Por Violeta Paula Cappella de Fox Talbot

Cuando tenía cuatro años, vivencié la tercera o cuarta mudanza en mi pequeña vida y con mis padres y hermana recién nacida, fuimos a vivir al Pasaje Monroe 2.736.

La casa estaba ubicada en una planta alta. Al ingresar, había un pequeño recibidor donde mis padres colocaron la mesita y dos sillitas de mis primas que me las habían prestado para jugar y hacer las tareas del jardín de infantes. Luego, venían la escalera, un descanso, cinco escalones más y se llegaba a un pasillo largo. Toda la casa tenía pisos de madera oscurecida por el paso del tiempo y techos muy altos.

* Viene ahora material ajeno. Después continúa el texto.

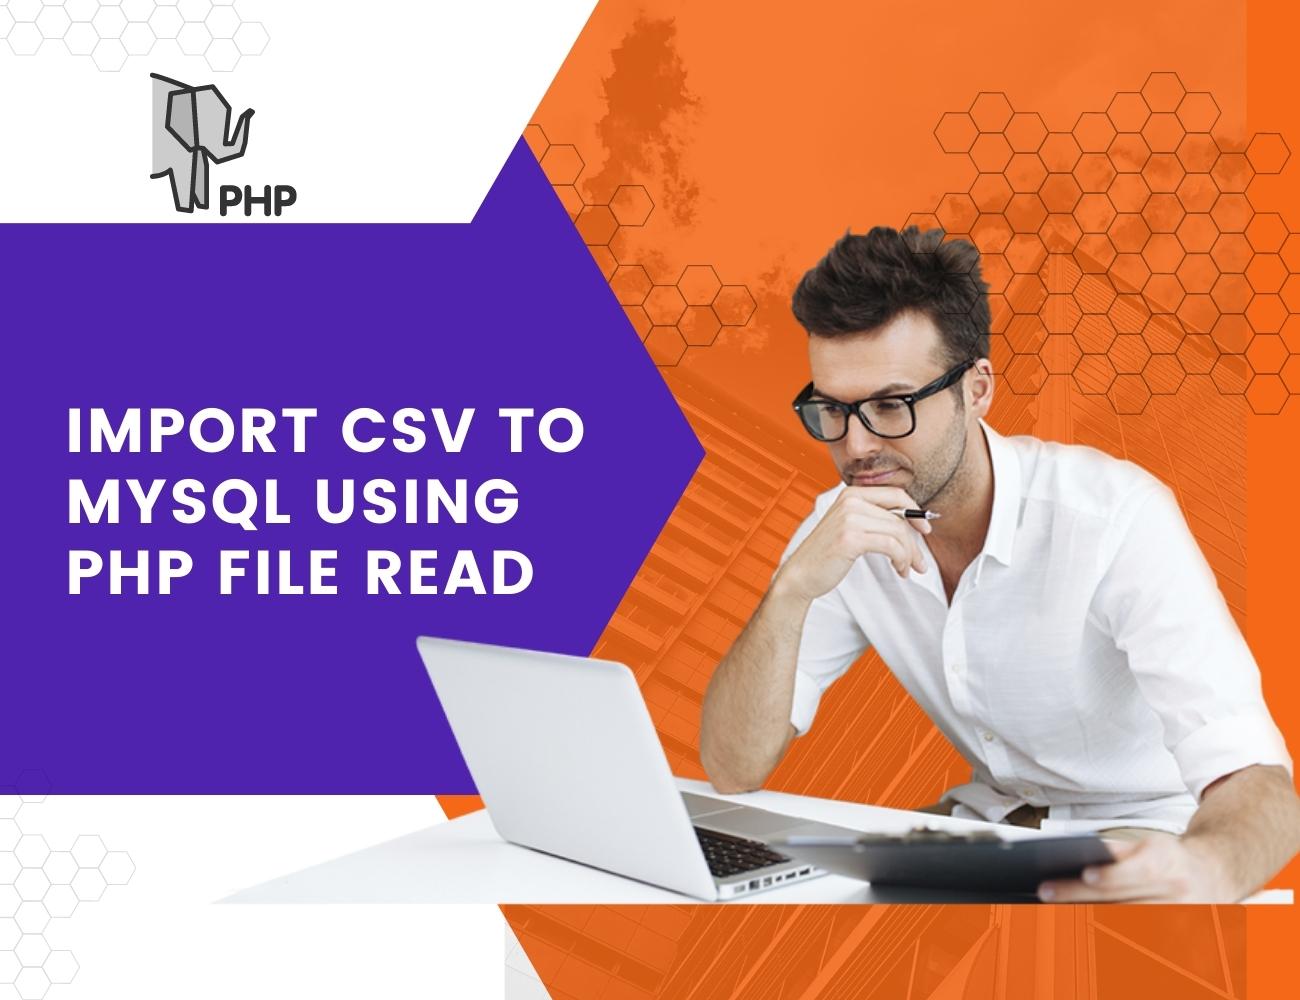 Import CSV to Mysql using PHP

El pasillo conectaba a la cocina, dos dormitorios y un baño. En uno de los dormitorios, dormían obviamente mis padres con la bebé recién nacida, en el otro, habían armado un comedor. Allí estaba la mesa redonda y sus sillas, un modular con adornos y libros y una mesa rectangular con dos sillas, esa habitación tenía un bonito y pequeño balcón que daba a la calle. La cocina tenía una mesa pequeña con dos sillas y la silla para la bebé, la mesada con anafe y horno y las piletas para lavar la vajilla.

El baño era enorme, los pisos cuadriculados asemejaban un tablero de ajedrez. Tenía una bañera, calefón, lavabo, inodoro, bidet, un gran mueble para guardar toallas y elementos de limpieza y un ventanal que daba a la calle. En el contrafrente había un patio con dos maceteros de metal, una escalera vertical para acceder al techo, un lavadero con pileta y dos asadores.

En esa casa, no tuve ningún lugar más apto para dormir que no fuese el pasillo. En ese largo y oscuro espacio de tránsito, colocaron mis padres mi cama cerca del baño, al lado de un enorme refrigerador marca “Dover”, cuyo motor rugía con fuerza cada 45 minutos. La noche allí era congelada y espeluznante en invierno, y escalofriante y horrible en verano. El motor de la heladera me ensordecía y el miedo me paralizaba.

Todas las noches y las madrugadas yo sentía puntadas en las piernas pero no les podía decir nada a mis padres porque ya no me llevaban del Doctor Levin. Imaginaba que había hombres malos e invisibles que venían con agujas de coser y me pinchaban las piernas; esos hombres no tenían nombres ni se escondían debajo de la cama, eran muchos, tantos que me pinchaban las dos piernas a la vez e incluso miles de veces me pinchaban los pies con agujas de coser más pequeñas. Pero algo sabía de ellos: vestían trajes grises, eran altos, de grandes espaldas cuadradas, transparentes y no caminaban sino que iban flotando por el aire y cuando estaban cerca de mí, comenzaban a hacerme daño y yo me aterraba. No tenían rostros, en su lugar había tan solo un óvalo gris humo y nada más.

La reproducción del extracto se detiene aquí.